Surround yourself with leaders
Despite having an immense responsibility and budget, Scott explains how she manages “a team of leaders, not a team of do-ers”. She elaborates, “It’s not me establishing a vision and pushing that down to the team, but it is really a team of leaders that are coming in to drive the team forward and asking what we could do better. We are aligning and supporting the business side by side, rather than top down or bottom up”.
This is echoed by Clark, who says the level of autonomy that is championed by Scott is “a category leader’s dream!”. He explains, “Keecia fully enables us to adopt an entrepreneurial mindset and manage our categories as a business within a business”.
This contrasts from the traditional ideologies surrounding procurement, which Clark believes were fostered in the 80s and 90s around how procurement should be done. However, what Gilead does, in his view, is to give their leaders the autonomy to be productive: seeking opportunity and building their own strategies.

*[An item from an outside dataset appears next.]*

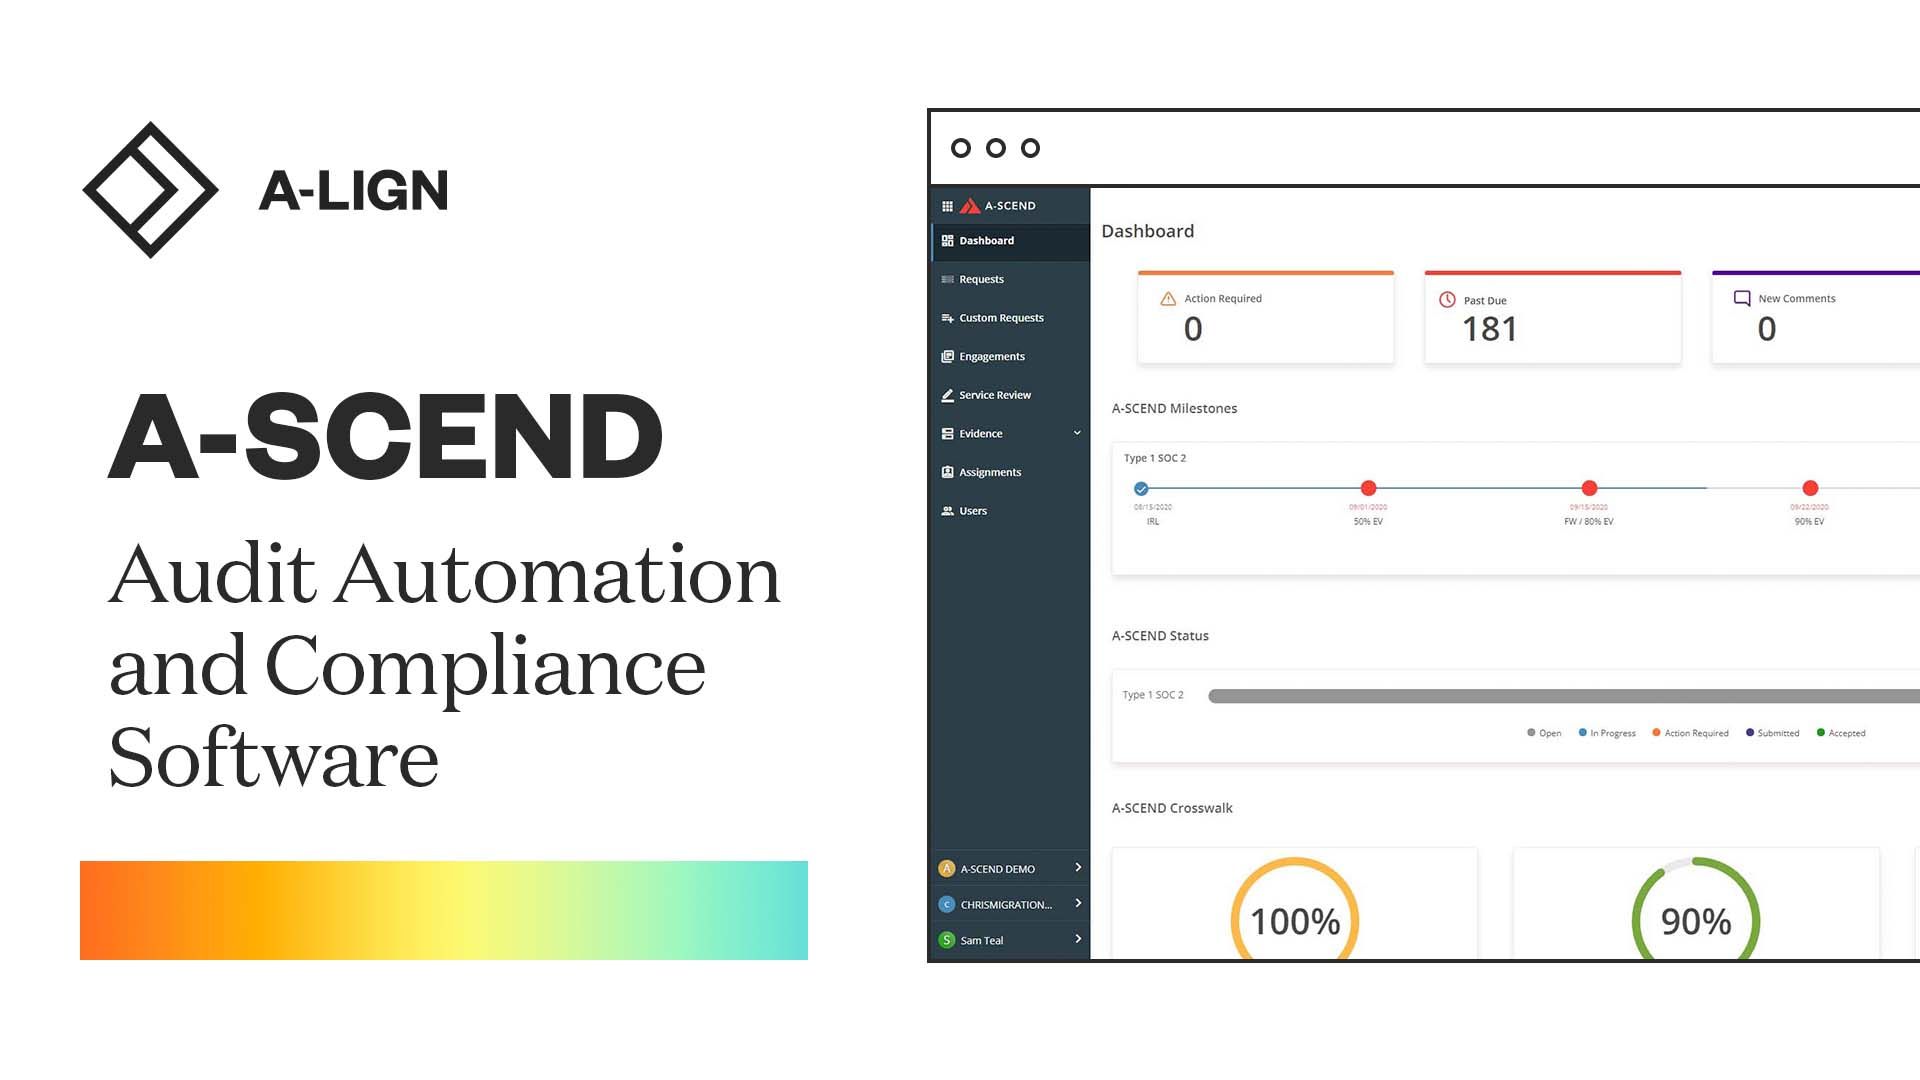 A-LIGN developed technology to drive audits with their own compliance management software, A-SCEND.

In his view, “I think of myself as a service consultant for a lot of my marketers and my agencies. I always focus on what really matters to our agencies or internal stakeholders, as opposed to what matters to procurement. In our environment, there is no mandate to use us, so we have to have some salesmanship”.
Part of this includes building a diverse team to drive autonomous business, and Scott says that diversity is “intentional in the hiring process”. Not only does it bring diversity of thought, background and experience in decision making, but it also means that the team is more successful in taking risks and learning from them in Scott’s view which drives increased productivity and innovation.
Additionally, the pandemic has also brought teams closer together. As Scott states, “By working from home, we have gotten a chance to get to know each other beyond just the surface. When we look at each other on Zoom, we see family, kids and people’s whole personalities coming into work. This is something I hope we don’t lose when returning to the office”.
Pharma as an industry
As Clark explains, the pharmaceutical industry is a highly competitive and highly regulated environment. Having previously worked in financial services, this is something that resonates with him. “Pharmaceutical industry is however unique and more complex than the financial industry. So in a situation like that, transparency at all levels is a complete must”, says Clark.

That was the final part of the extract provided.